Information provided
--- START ---
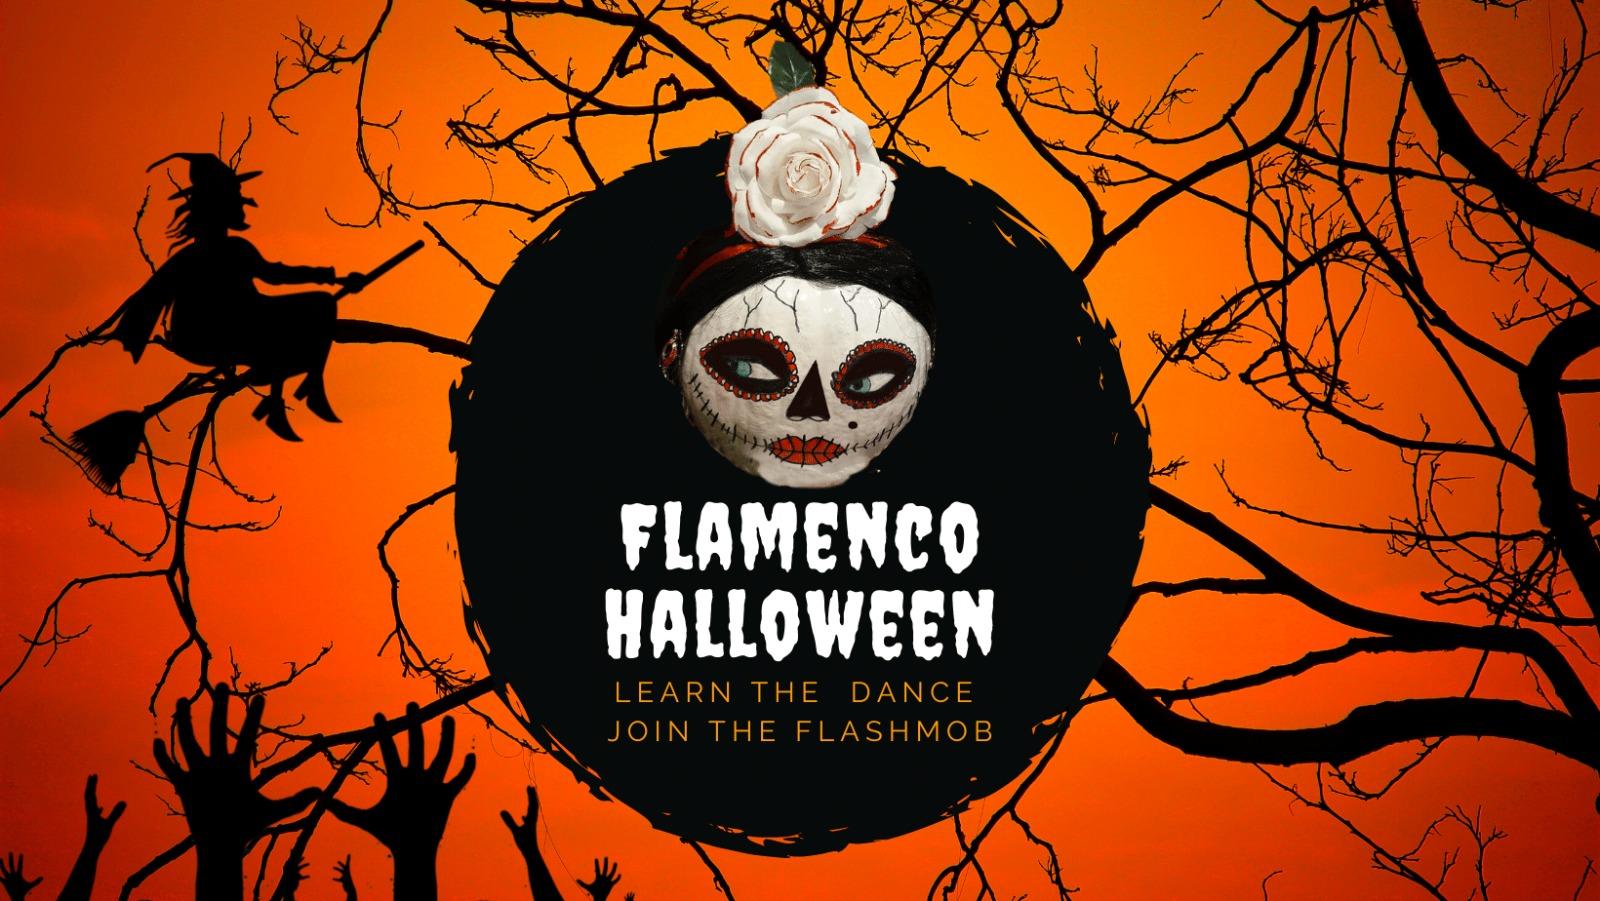 Flamenco Halloween
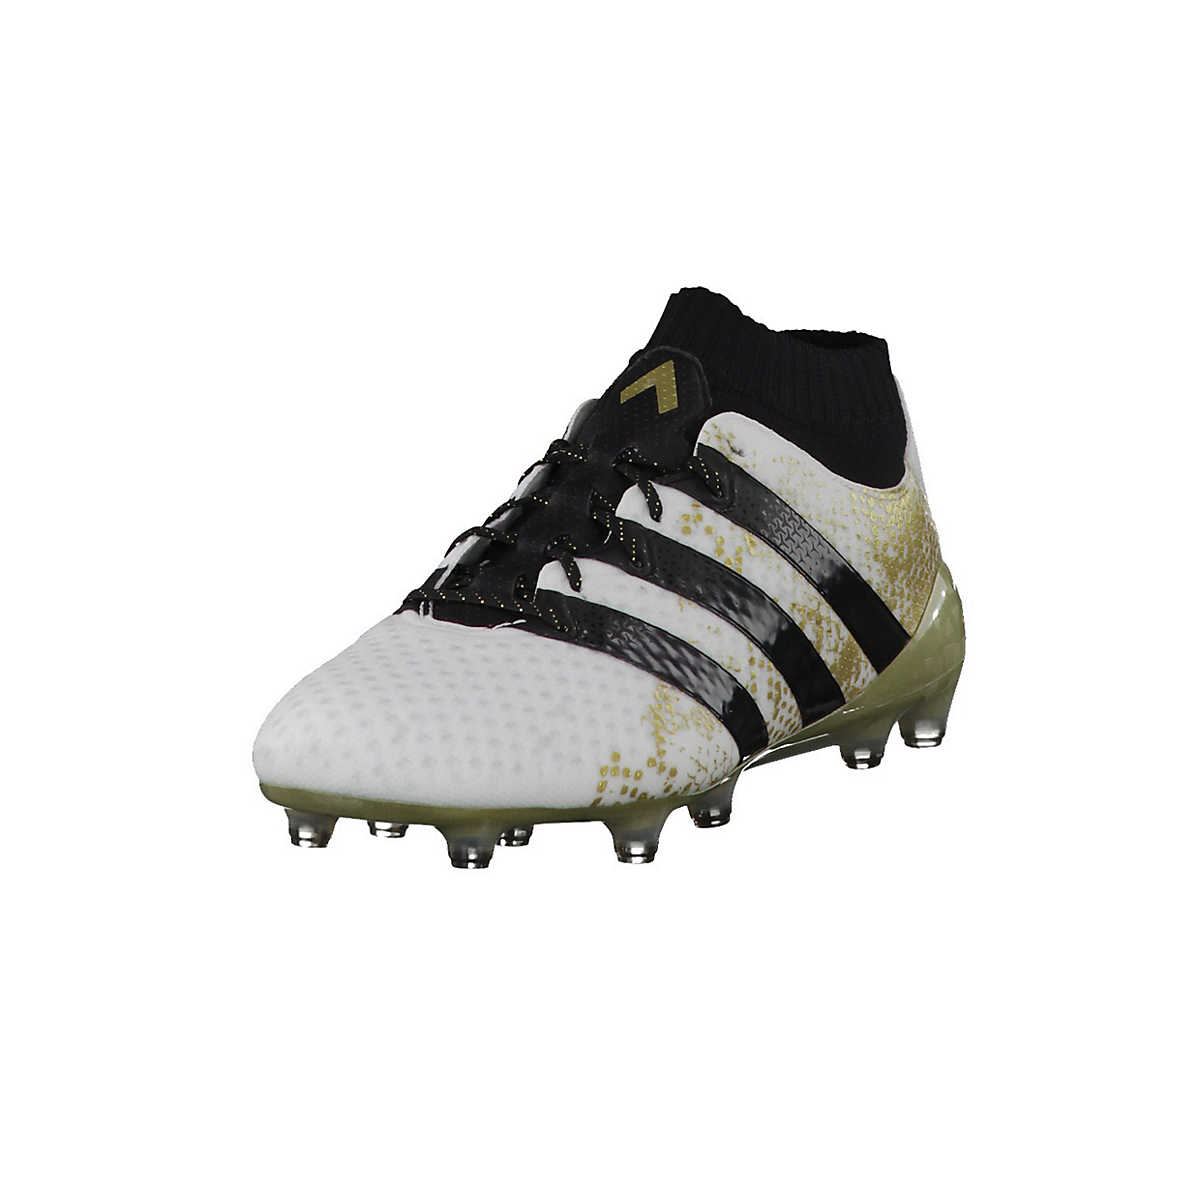 adidas Sportschuhe gold - adidas - Sportschuhe - Schuhe - mirapodo.de
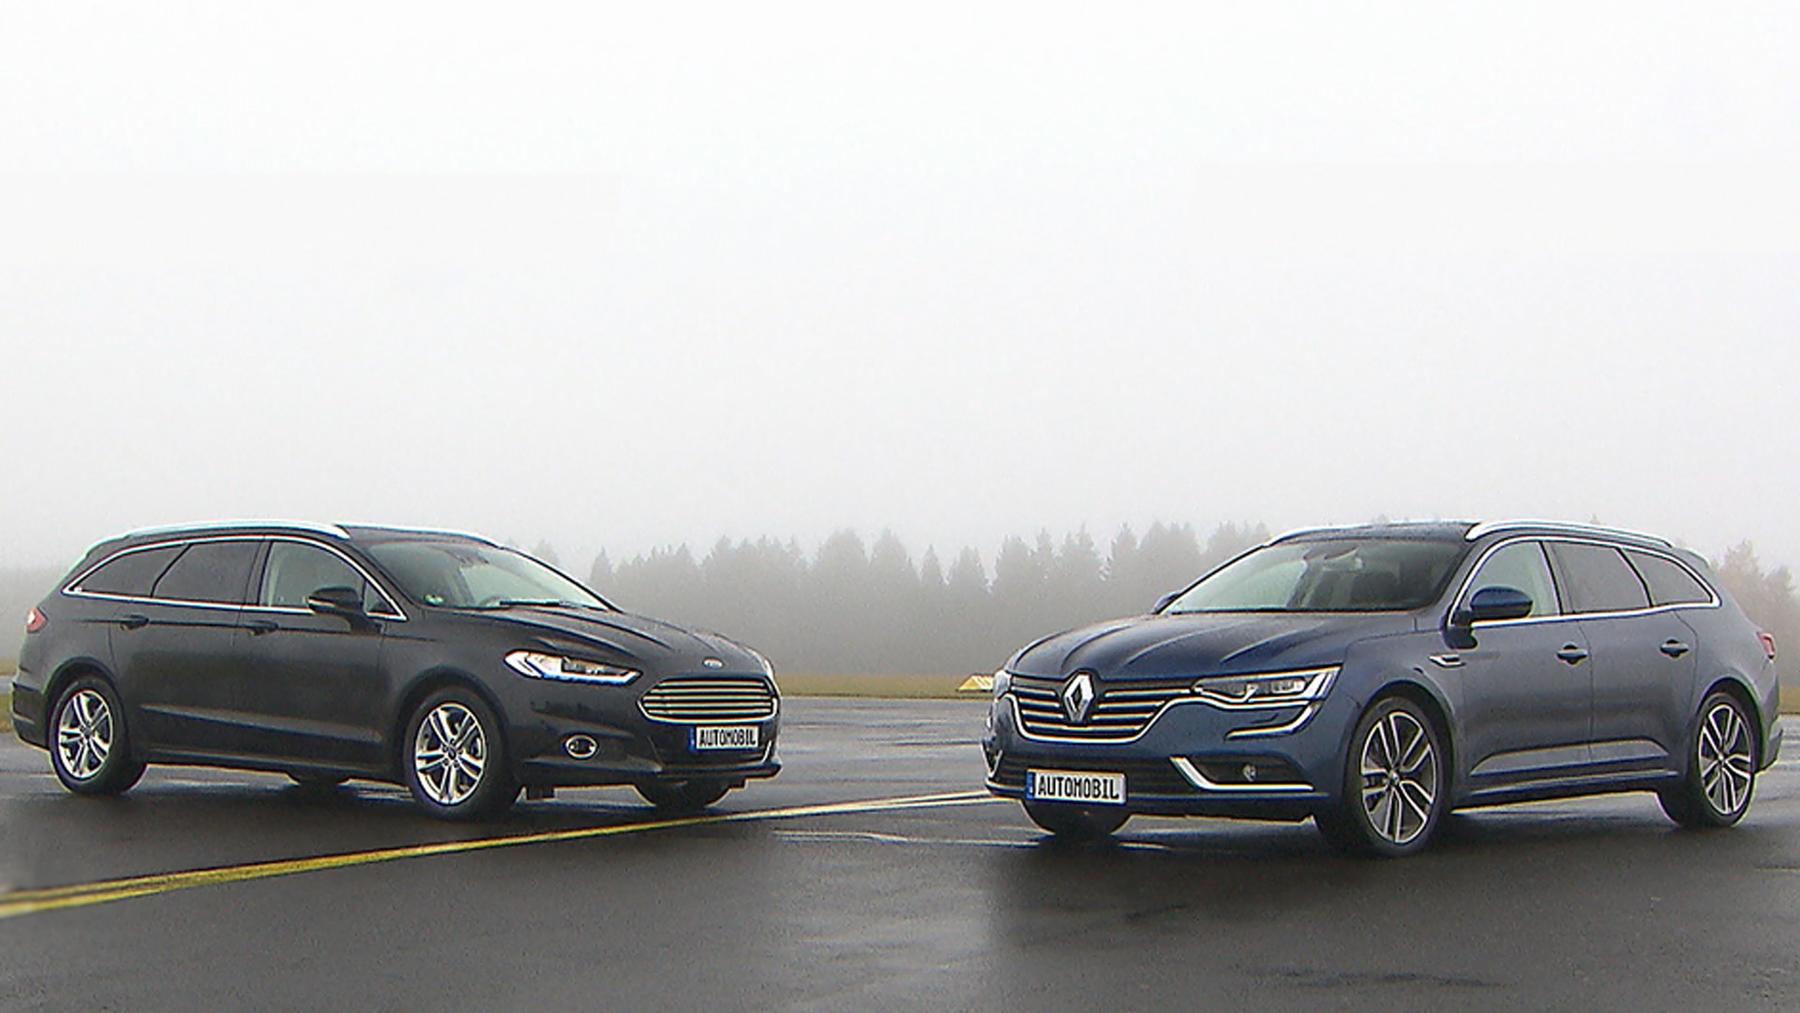 Thema u.a.: Vergleichstest: Renault Talisman / Ford Mondeo
--- END ---
Exercise goal
For this exercise, write the listing out again exactly, excluding all images.

Your solution
 Flamenco Halloween
 adidas Sportschuhe gold - adidas - Sportschuhe - Schuhe - mirapodo.de
 Thema u.a.: Vergleichstest: Renault Talisman / Ford Mondeo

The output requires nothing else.